When I finally made my way home after the end of my final exams, I decided to spend an hour a night or more just reading books that I wanted to read. Much to my surprise, I managed to actually pull it off, and finished a rather interesting book in two weeks and started a second. Since I’d like to stick with this, I’ve decided to do reviews of all the books that I will read this summer.




The first such book was a very interesting one entitled A Rumor of War by Philip Caputo. This is in essence a memoir of Caputo’s service in the earliest stages of the Vietnam War as a “Boot Brown Bar” 2nd Lieutenant in the United States Marine Corps. This chilling true story will undoubtedly change your views about America’s most controversial war. It covers Caputo’s change from an idealistic college graduate, inspired by the words of John F. Kennedy’s “Ask Not” speech, to a cynical Veteran of many ambushes and skirmishes with an enemy as cruel and vicious as any America had ever faced.
The book spends most of it’s time describing how life really was in Vietnam for the first Marines to land in 1965. From the early high spirits and arrogance of his company, to the realization of the truth about War as his men killed and were killed. It is incredibly chilling as it describes the horrors of going out on a patrol in the jungles of Southeast Asia. Booby traps, landmines, and enemy ambushes could maim or kill anyone at anytime. Not that the American forces are painted as helpless in the book, they take their revenge on the Viet Cong as well. Caputo describes his transition from a ‘civilized’ officer, speaking out against an ARVN ranger beating information out of a Vietnamese Civilian to an Officer who simply wanted to kill. In the words of the ARVN ranger “you’ll learn how things are done around here.” Caputo and his men did.

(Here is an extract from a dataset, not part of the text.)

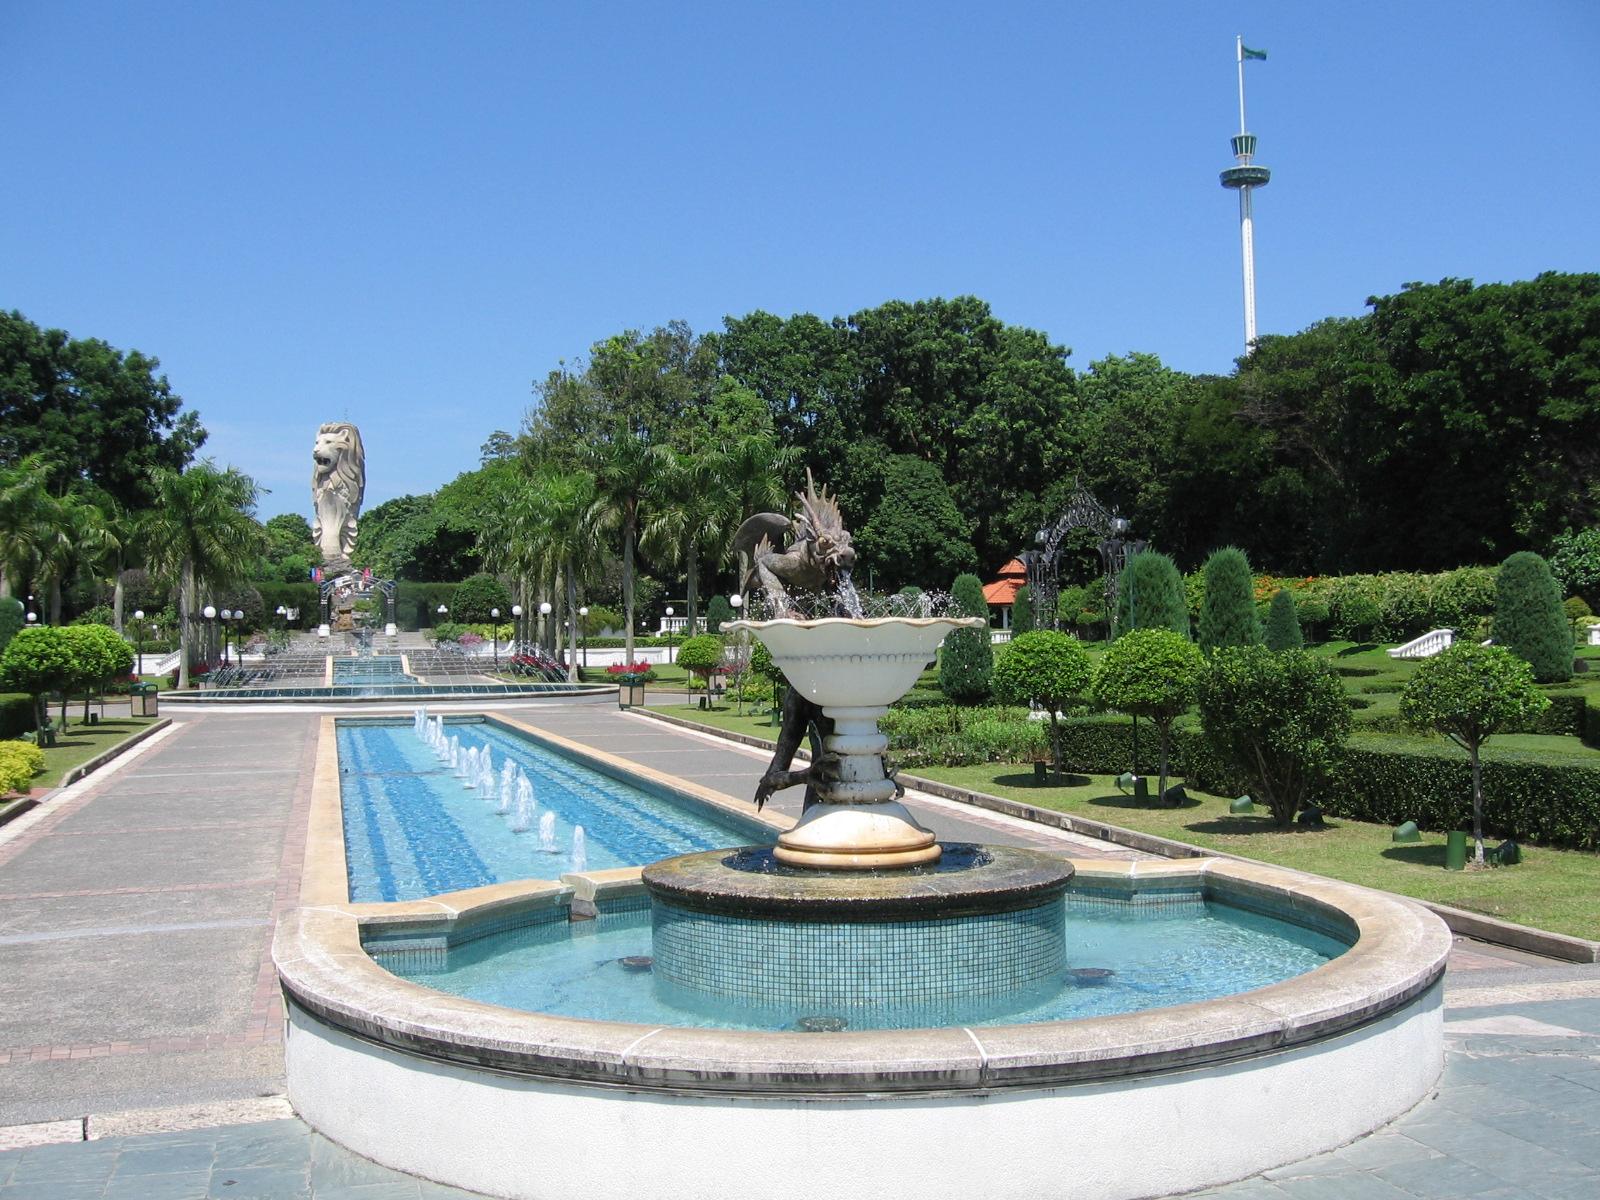 Superieur File:Fountain Gardens, Sentosa, Aug 06.JPG

Another theme of the book was the brutality that the War put into otherwise normal men. Burning villages, shooting civilians without realizing it, and remorselessly gunning down any Viet Cong that could be found were just a few examples of what Caputo saw during his term of service in Vietnam. It is not a book to ridicule the American forces as evil, but to show just what the constant strain of fighting a war in which there is no rear to relax in, and every step could be your last does to normal people. As one critic put it, this book is the “first to insist that…the reader ask himself the questions: How would I have acted? To what lengths would I have gone to survive? The sense of self is assaulted, overcome, subverted, leaving the reader to contemplate the deadening possibility that his own moral safety net might have a hole in it.” A Rumor of War challenges everything you think you know about the Vietnam War and the men who fought it, no matter your opinion of the conflict.

In closing, a Rumor of War is the most terrifying book I have ever read. All the more frightening because it’s a completely true story. Each “character” is, or rather was, a real person with a family and a life. It is saddening to think that each of the men who is killed in the book were actual people, and that they are also a small portion of the fifty thousand American Soldiers who were also killed in a fruitless war. It will most certainly make you wonder if you could have kept your sanity in the completely insane environment of 1965 Vietnam.